### Data section

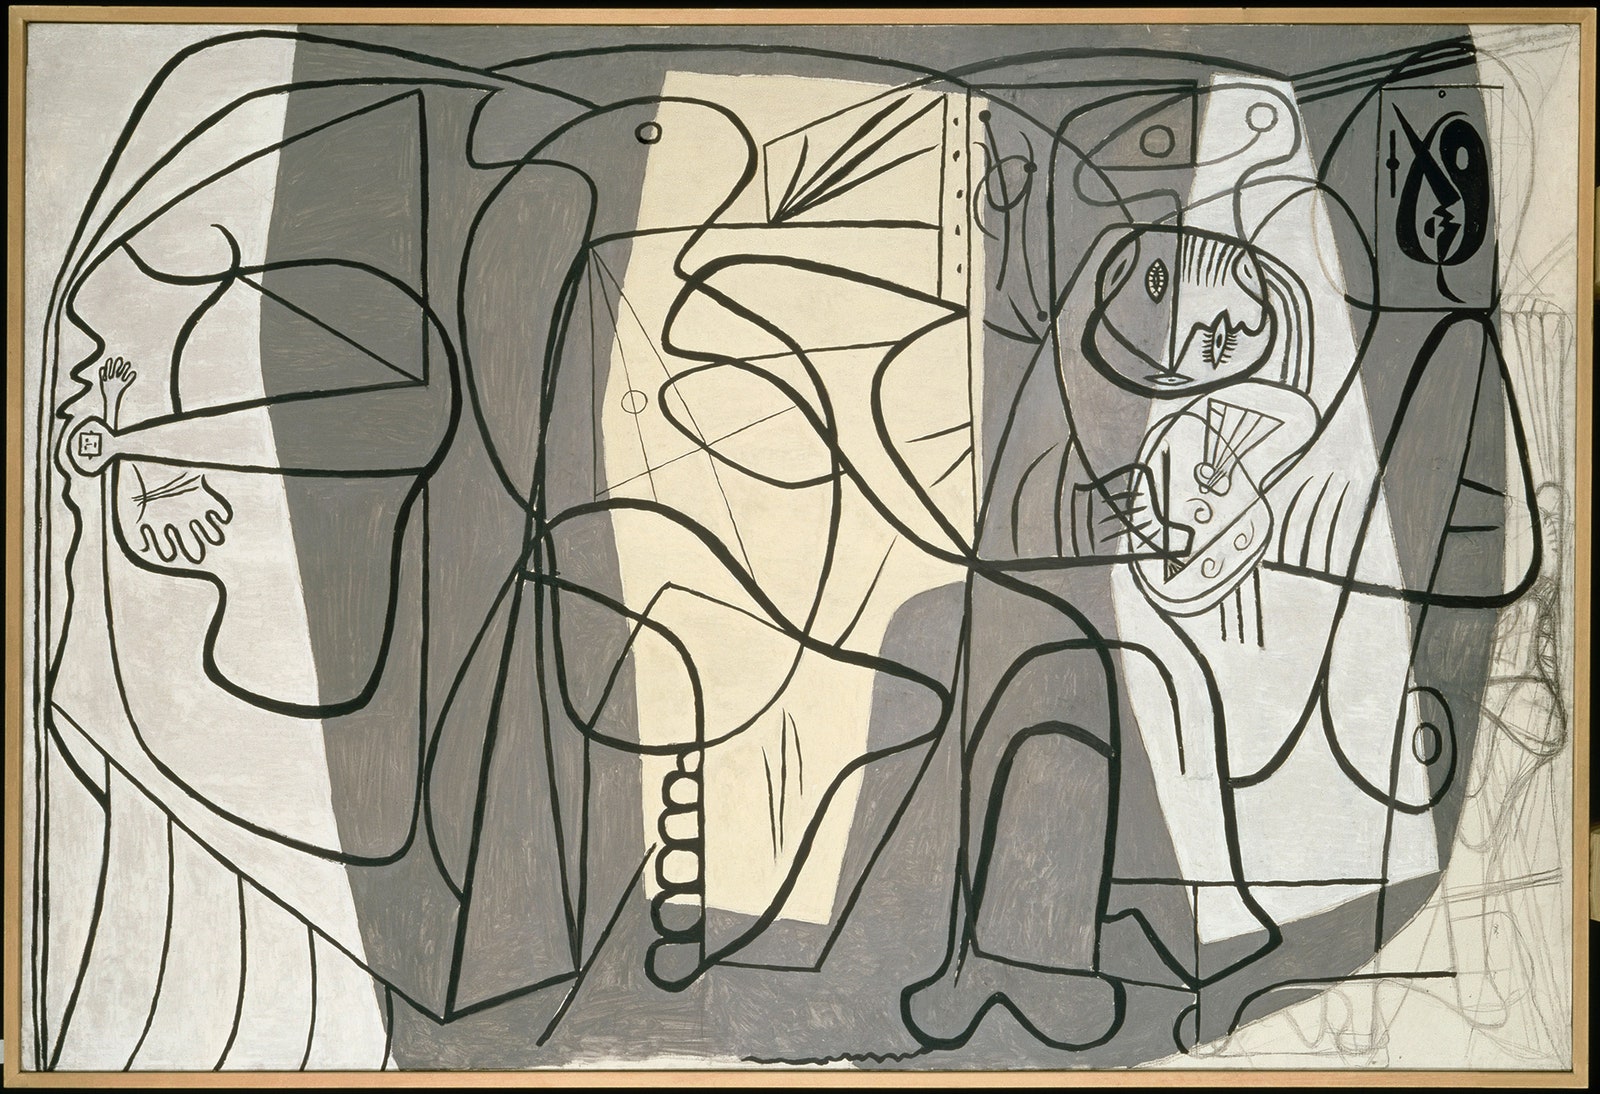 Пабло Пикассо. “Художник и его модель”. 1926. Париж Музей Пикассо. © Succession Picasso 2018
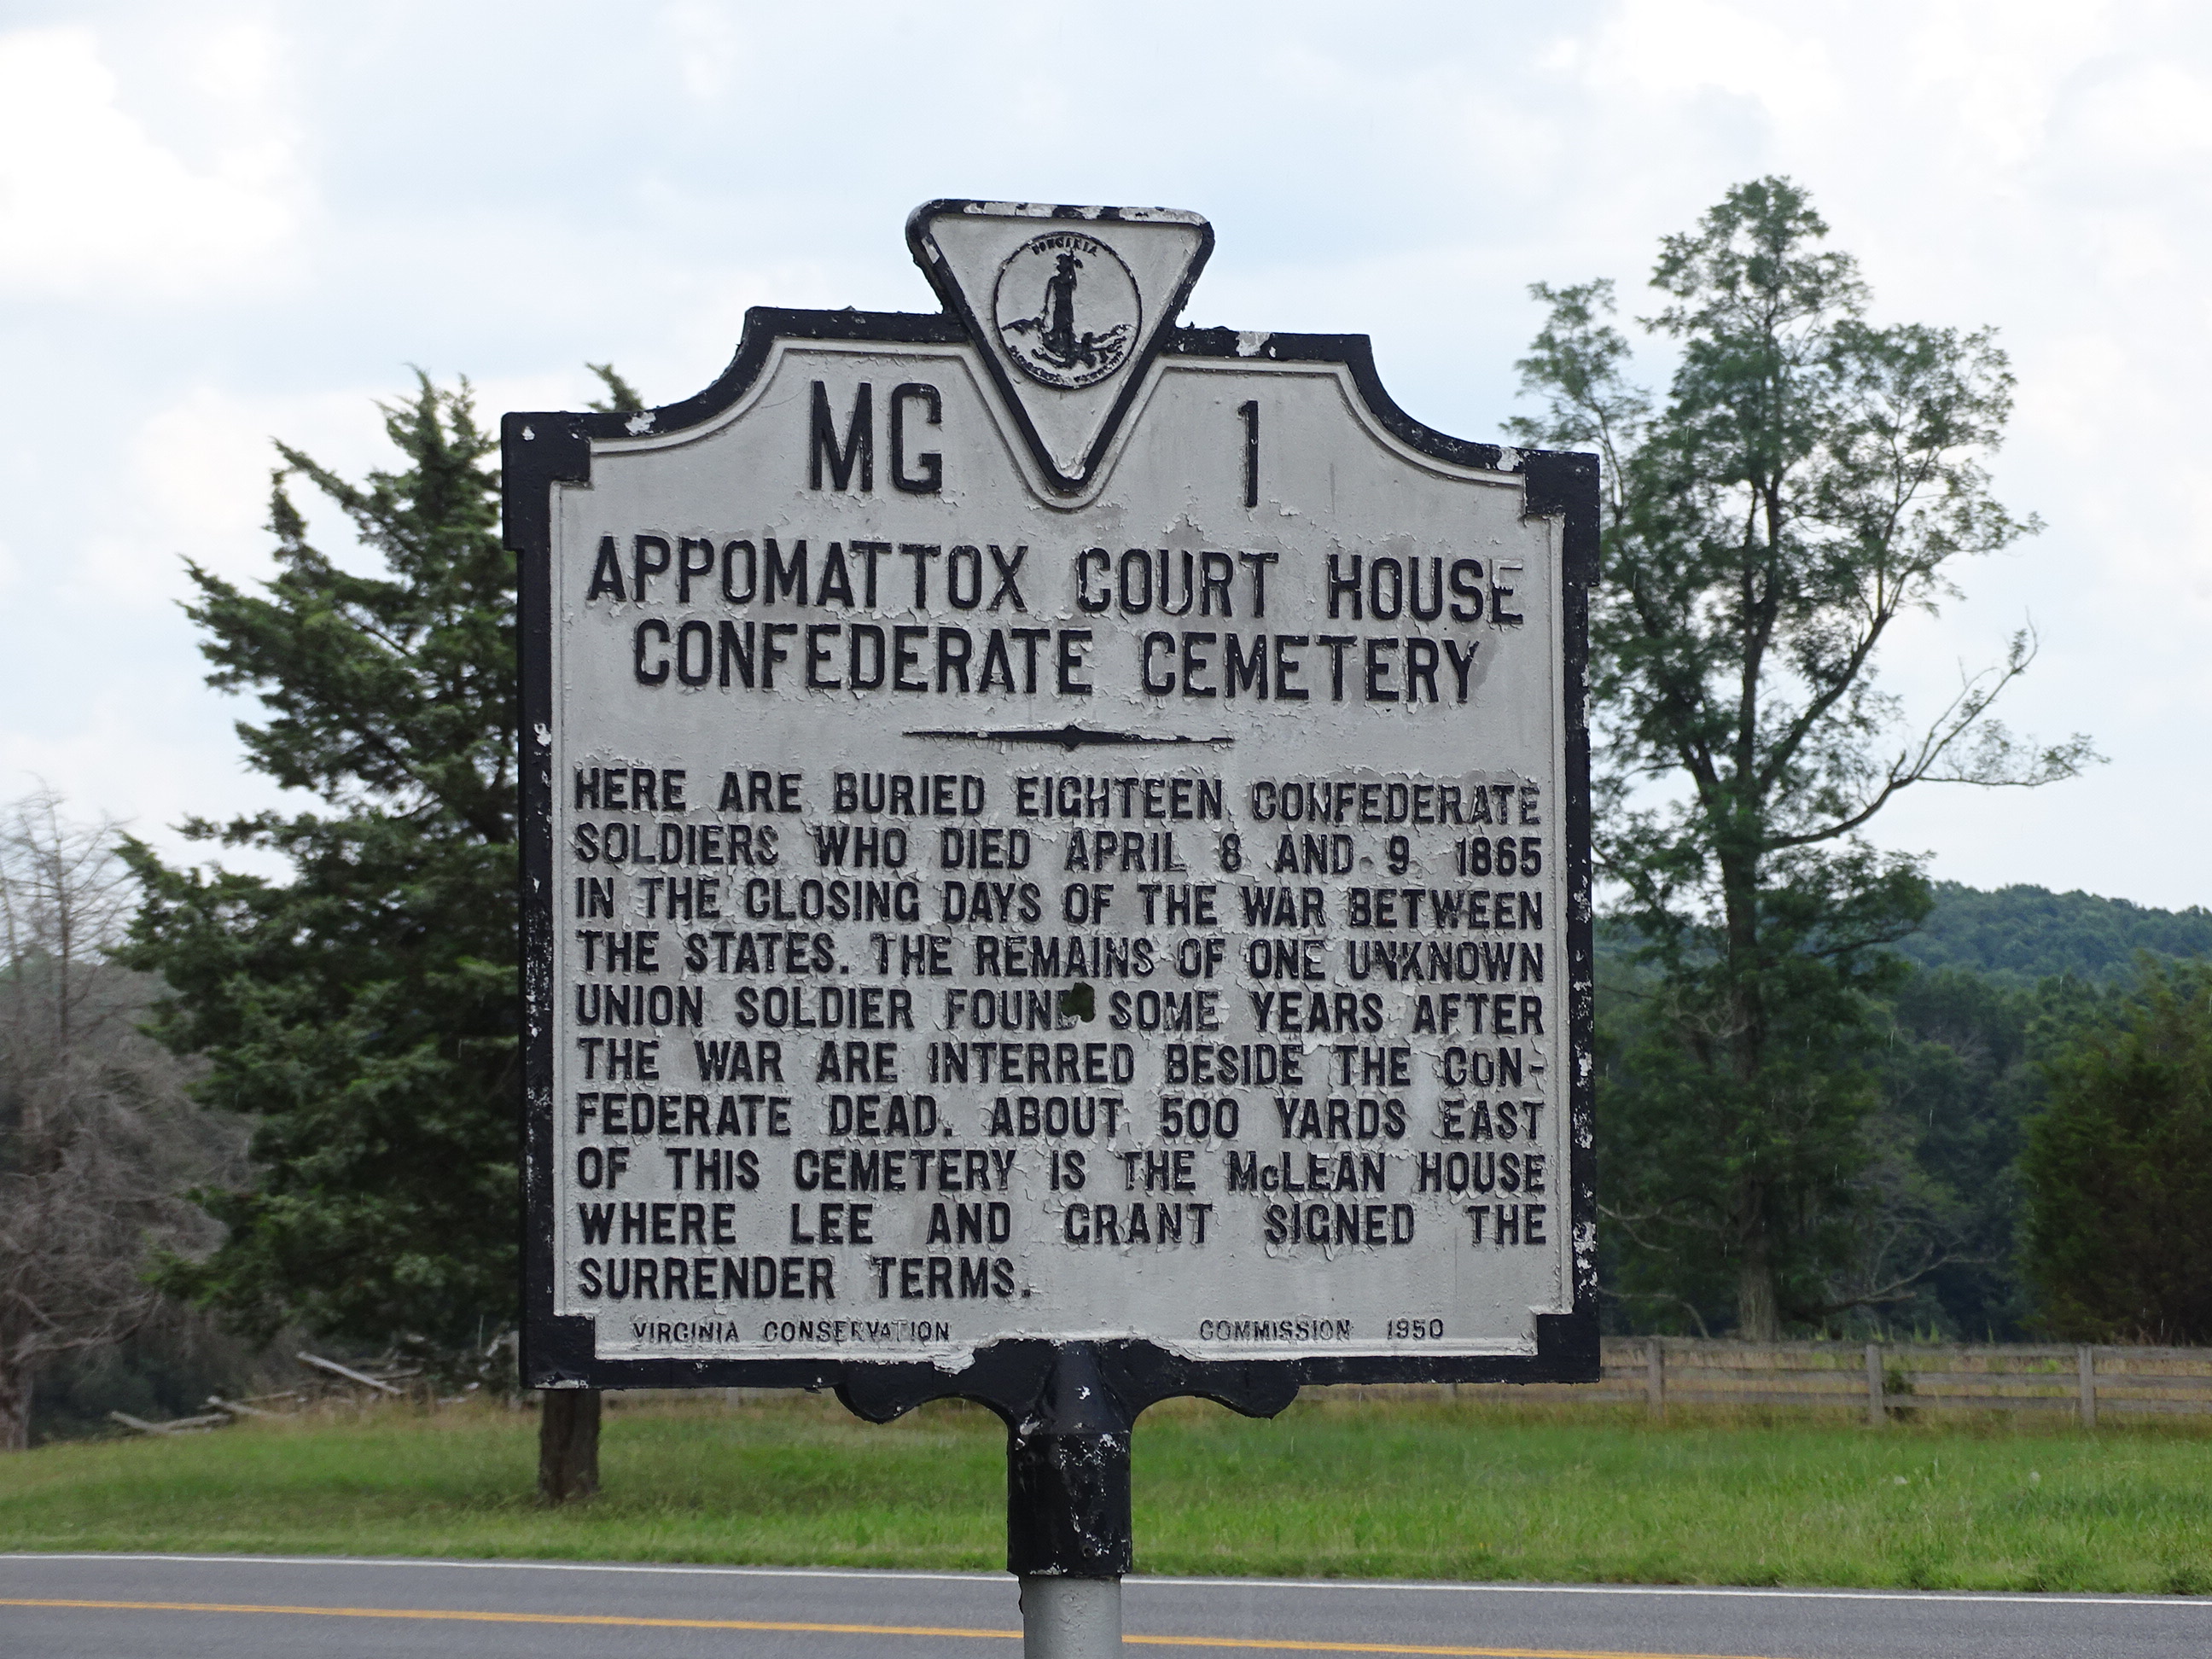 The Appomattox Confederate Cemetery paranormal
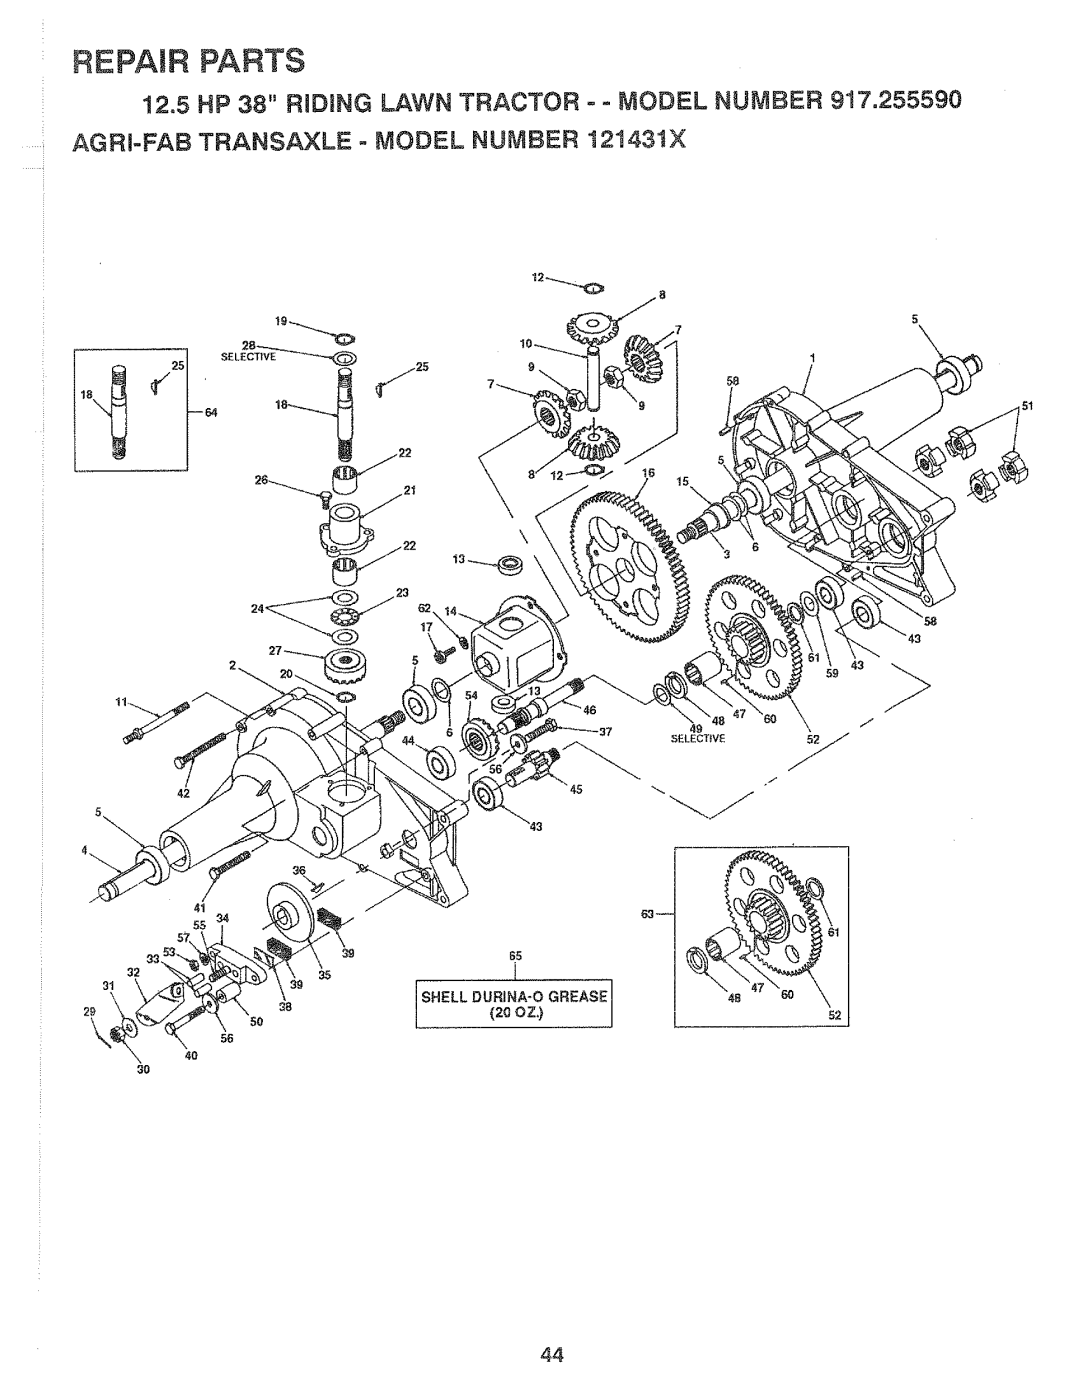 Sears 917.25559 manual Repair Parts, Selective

### Task item
The entire listing above, word for word and without pictures, is what should be output.

### Exercise response
 Пабло Пикассо. “Художник и его модель”. 1926. Париж Музей Пикассо. © Succession Picasso 2018
 The Appomattox Confederate Cemetery paranormal
 Sears 917.25559 manual Repair Parts, Selective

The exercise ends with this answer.